Poverty of Spirit
People who have a serious mental illness such as schizophrenia or bipolar disorder have a much higher prevalence of substance abuse. According to the Substance Abuse and Mental Health Services Administration (SAMHSA), 25.7% of adults with serious mental illnesses have substance abuse problems. They are 70 percent more likely to abuse substances than the general population according to the National Institute of Health.

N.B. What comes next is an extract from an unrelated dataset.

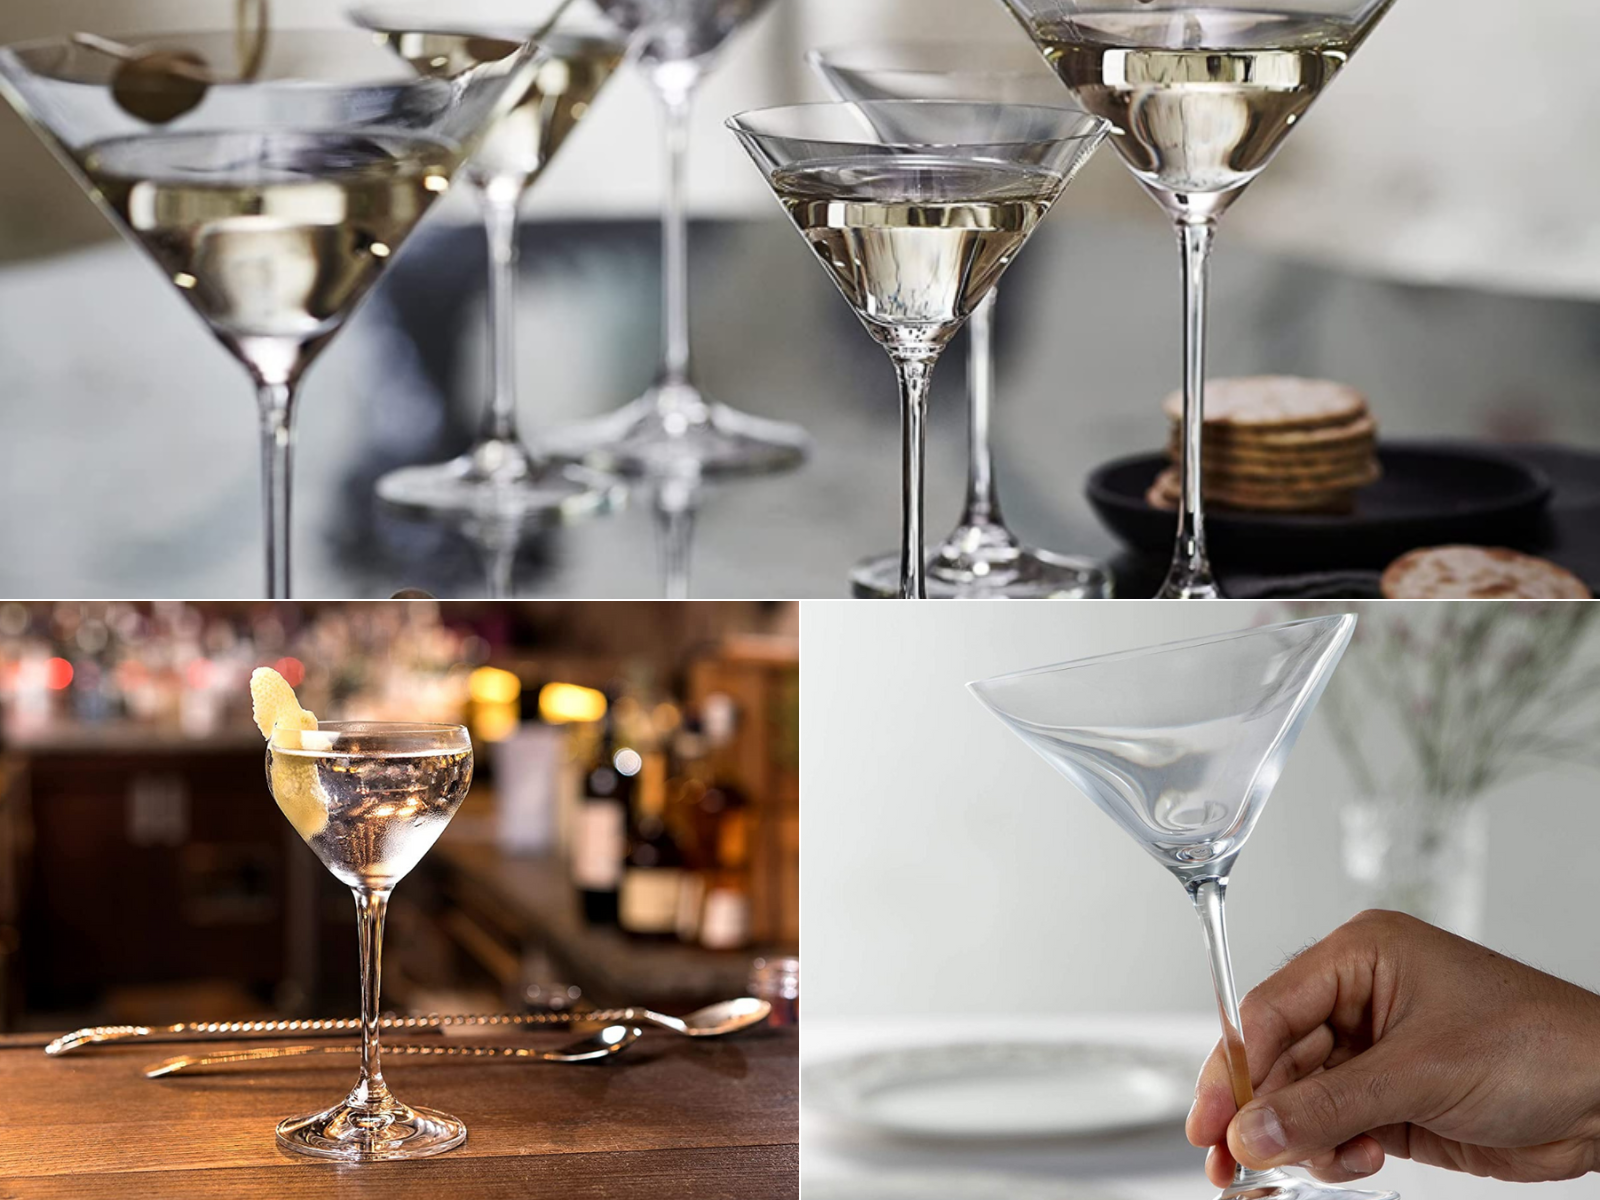 Martini glasses shown 3 ways, both full and empty with 1 being held by someone.

According to a video I watched of a presentation by Canadian psychology researcher Dr. Bruce Alexander, addiction is caused by dislocation – a loss in life’s meaning because of loss of cultural identity and support. People who are diagnosed with a serious mental illness often lose their sense of meaning. It’s a traumatic experience. People who experience dislocation try to fill the void with some kind of substitute that becomes a compulsive behavior. Alexander rejects the disease model because it supposedly doesn’t address psychosocial integration. The disease model posits that addiction has a genetic component and that consumption over time alters the brain. Addiction is incurable but can be managed. Treatment can work. This view comes from science. Although my experience with 12 step programs has enabled me to achieve psychosocial integration, I believe the avalanche of studies that support the theory that addiction is a disease. I don’t believe Alexander’s view provides a full picture because pleasurable activities release dopamine, a spike in the neurotransmitter causes a feeling of pleasure. I see how my mental illness dislocated me and how I finally became reintegrated socially through a twelve step fellowship and the treatment I received for my bipolar disorder. A multitude of studies show there’s a strong genetic component to addiction. Addiction is probably caused by both biochemical and psychosocial forces. It’s the same “nature vs. nurture” debate. The dislocation hypothesis of addiction does address part of the problem, but the other piece of the puzzle has a biological basis as well. It’s not either or, but both.
According to a paper by Alexander, the globalization of the free market economy has led to dislocation on a mass scale and has sparked an avalanche of addiction. I’m blogging about this because I think the dislocation theory has some merit, but the bulk Alexander’s claims that the definition of addiction is too narrow and vague and his assertion that that anything can be addictive is even more vague and imprecise. Where is the quantitative analysis of his hypothesis? With so many different kinds of addiction that he claims exist it’s not possible to provide a standard measure. Alexander claims addiction is a “poverty of spirit.” Twelve step programs address this issue. Most people who have recovered from addiction through a twelve step program also subscribe to the disease model of addiction. I think Dr. Alexander’s claim that anything can be addicting trivializes the suffering that occurs with addiction to alcohol and some drugs. I’m blogging about this because I think Alexander’s ideas might interest some people even though some of his assertions are beyond the scope of this blog. The video I mentioned above is worth watching because some of it addresses some of the reasons why some mentally ill people might abuse substances.